Meanwhile, the US military in Afghanistan has deployed three helicopters to rescue 169 Americans unable to reach the Kabul airport gates to leave the country, an official said.
President Joe Biden has firmly pledged to bring all Americans home from Afghanistan as well as all Afghans who aided the war effort, as officials confirmed that US military helicopters flew beyond the Kabul airport to scoop up 169 Americans seeking to evacuate.
Biden’s promises came as thousands more Americans and others seeking to escape the Taliban struggled to get past crushing crowds, Taliban airport checkpoints, and sometimes insurmountable US bureaucracy.
“We will get you home,” Biden promised Americans who were still in Afghanistan days after the Taliban retook control of Kabul, ending a two-decade war.
We are deeply grateful for the generosity of our international allies and partners, including those who are working shoulder-to-shoulder with us on the ground in Kabul, to support what is already one of the largest airlifts in history.— The White House (@WhiteHouse) August 20, 2021
His commitment to finding a way out for Afghan allies vulnerable to Taliban attacks amounted to a potentially vast expansion of Washington’s promises, given the tens of thousands of translators and other helpers, and their close family members, seeking evacuation.
“We’re making the same commitment” to Afghan wartime helpers as to US citizens, Biden said, offering the prospect of assistance to Afghans who largely have been fighting individual battles to get the documents and passage into the airport that they need to leave. He called the Afghan allies “equally important” in the evacuations.
Helicopters to rescue 169 Americans
The US military in Afghanistan deployed three helicopters to rescue 169 Americans unable to reach the Kabul airport gates to leave the country, an official said.
In the first evidence that US forces are willing and able to go beyond the US-secured airport to help people seeking evacuation, three Chinook helicopters flew to pick up the group of US citizens at the Baron hotel, not far from the airport, according to Pentagon spokesman John Kirby.
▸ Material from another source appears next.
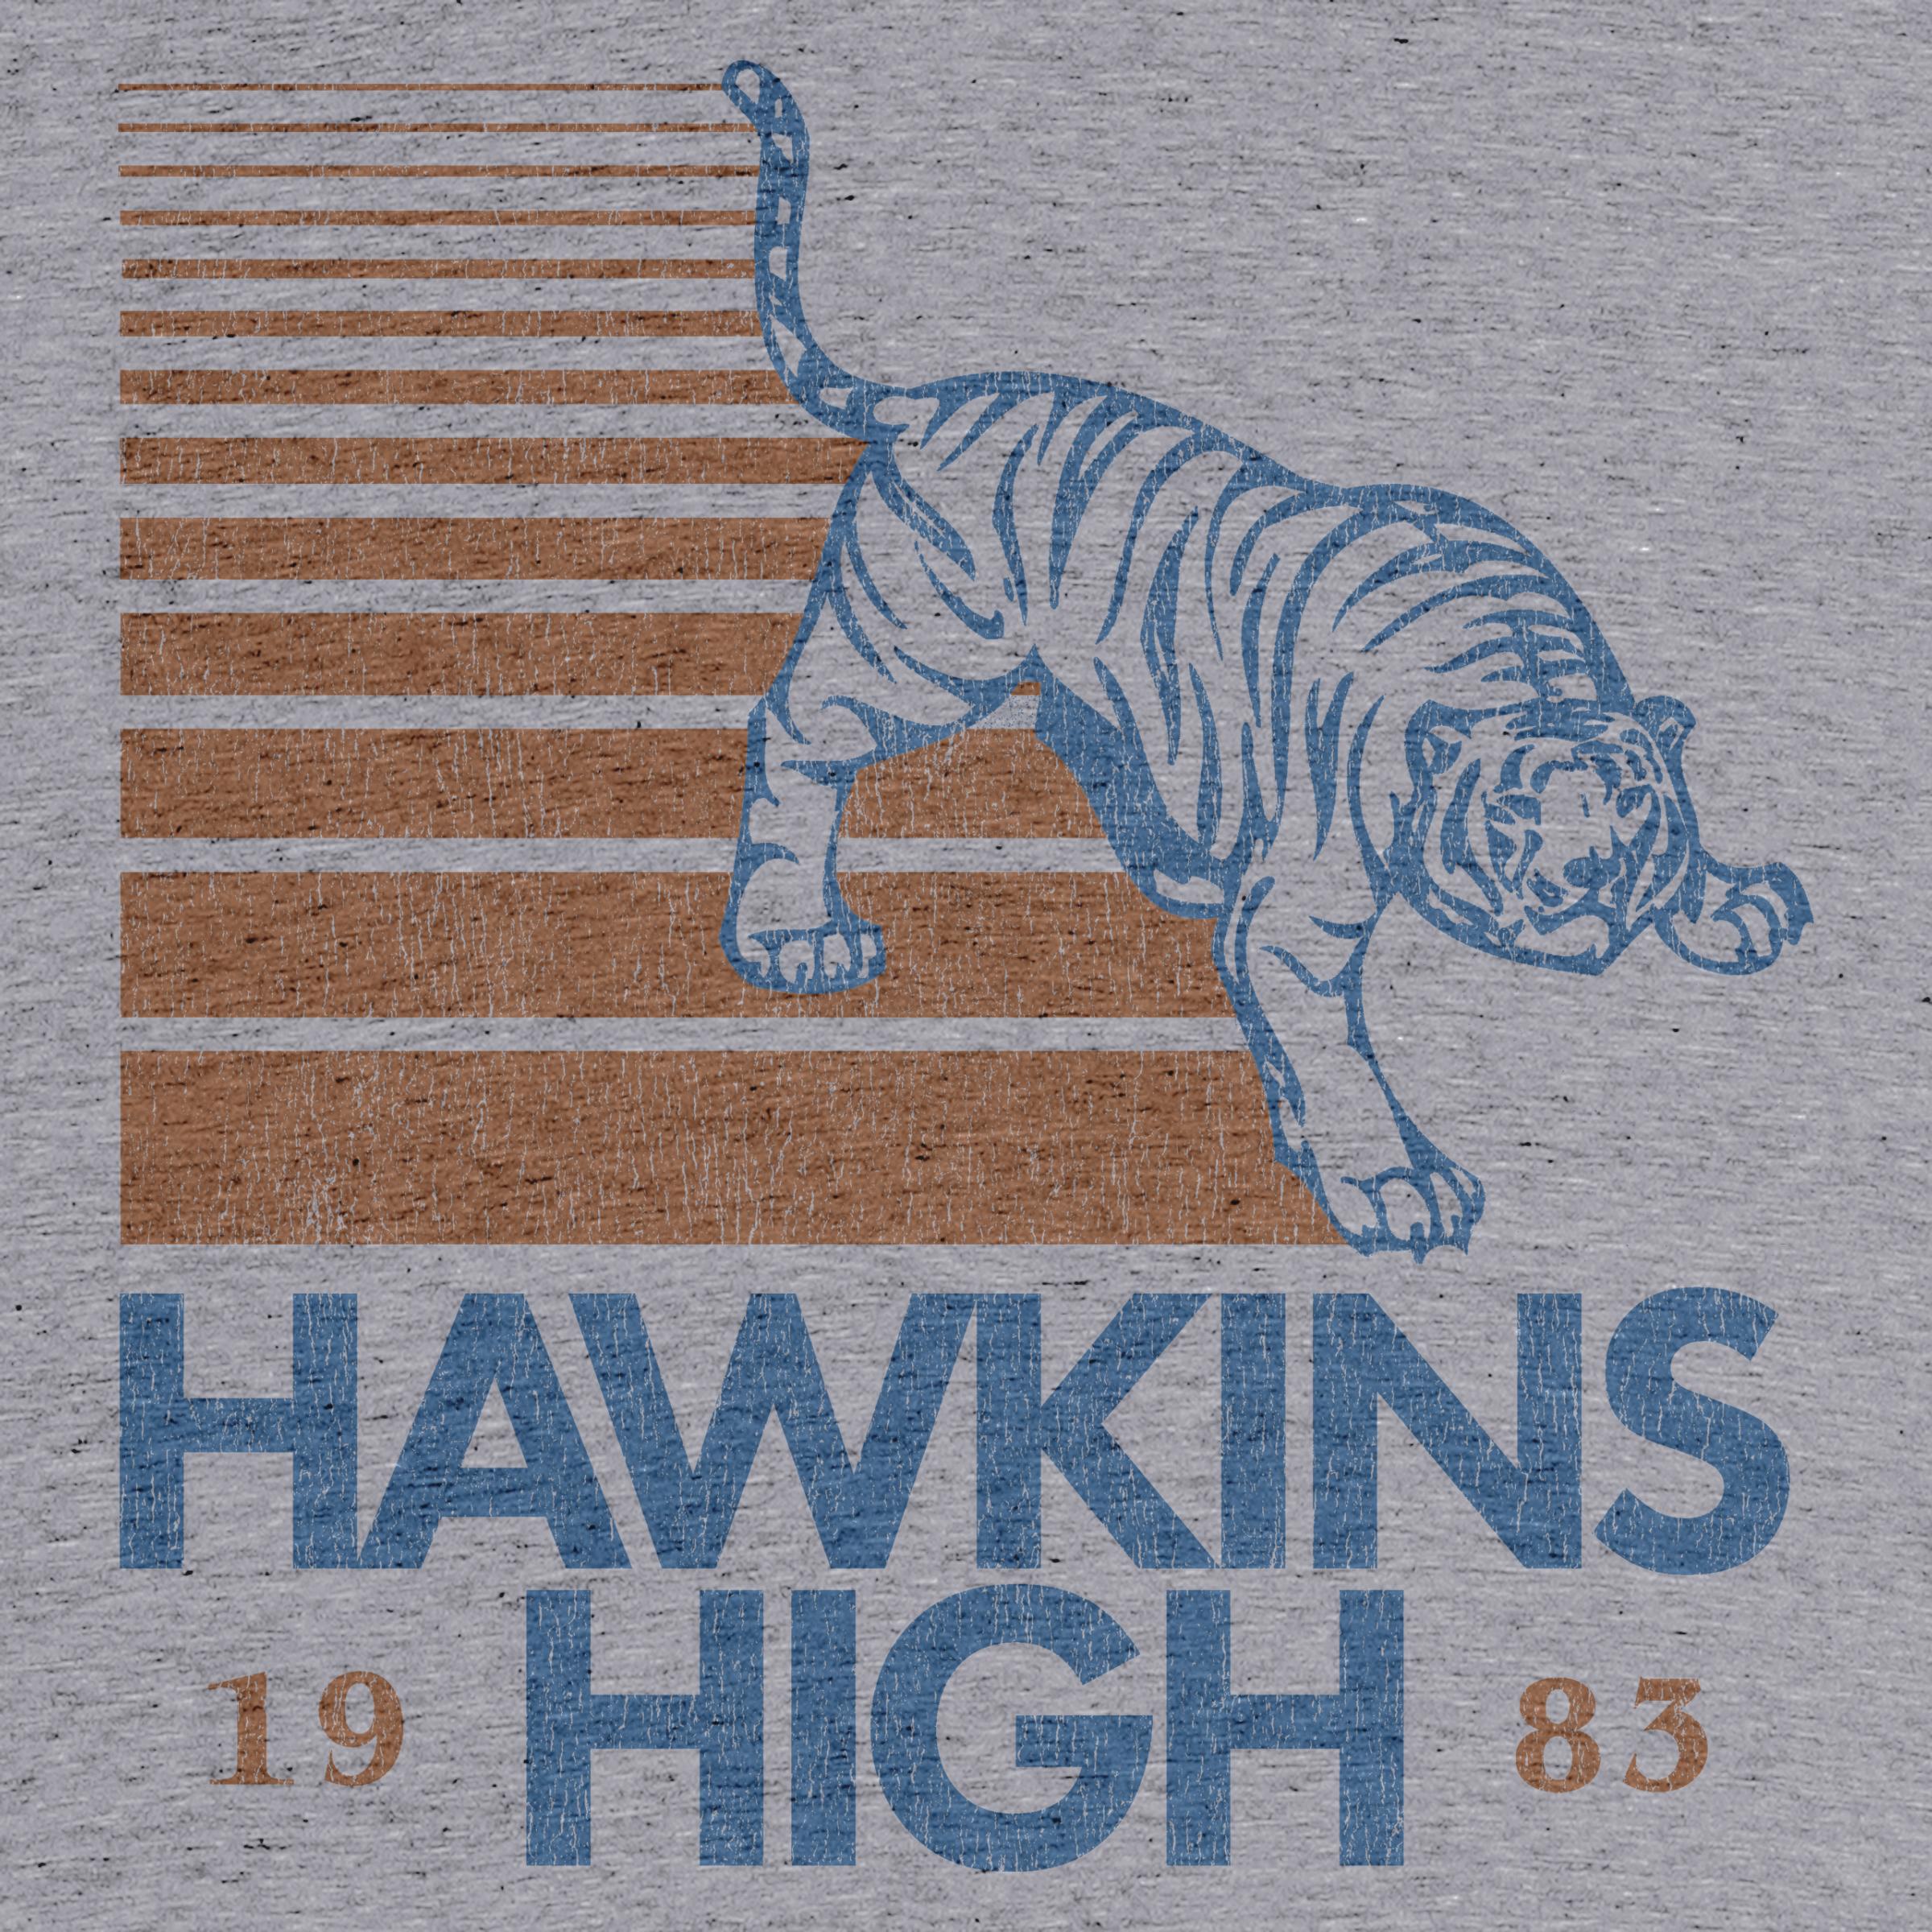 Hawkins High

The group had planned to walk to the Abbey Gate of the airport, but a crowd was gathered there and US officials were concerned for the Americans' safety.
"There was a large crowd established outside the Abbey Gate, a crowd, that, not everybody had confidence in, in terms of their ability to walk through it, and so local commanders on the scene took the initiative and flew these helicopters out there to pick them up," Kirby said.
Earlier, President Biden mentioned the rescue in a speech, but gave few details.
Pentagon spokesman says 3 CH-47s picked up 169 Americans on Thursday from Baron Hotel near Kabul airport. They were unable to get to the airport. The 169 Americans Biden was referring to in his speech earlier. pic.twitter.com/B4sZfZJyKf— Dave Talltree, son of Wymo of Mokuleia (@unsc1325) August 20, 2021
Twelve nations to host Afghan evacuees
Secretary of State Antony Blinken said 13 countries have thus far agreed to at least temporarily host at-risk Afghans evacuated from Afghanistan and a dozen more have agreed to serve as transit points for evacuees, including Americans and others.
Blinken said that potential Afghan refugees not already cleared for resettlement in the United States will be housed at facilities in Albania, Canada, Colombia, Costa Rica, Chile, Kosovo, North Macedonia, Mexico, Poland, Qatar, Rwanda, Ukraine, and Uganda.
Transit countries include Bahrain, Britain, Denmark, Germany, Italy, Kazakhstan, Kuwait, Qatar, Tajikistan, Turkey, the United Arab Emirates, and Uzbekistan.
“We are encouraged by other countries that are also considering providing support. We have no higher priority than the safety and security of US citizens overseas and to fulfill our commitments to citizens of partner nations and at-risk Afghans,” said Blinken.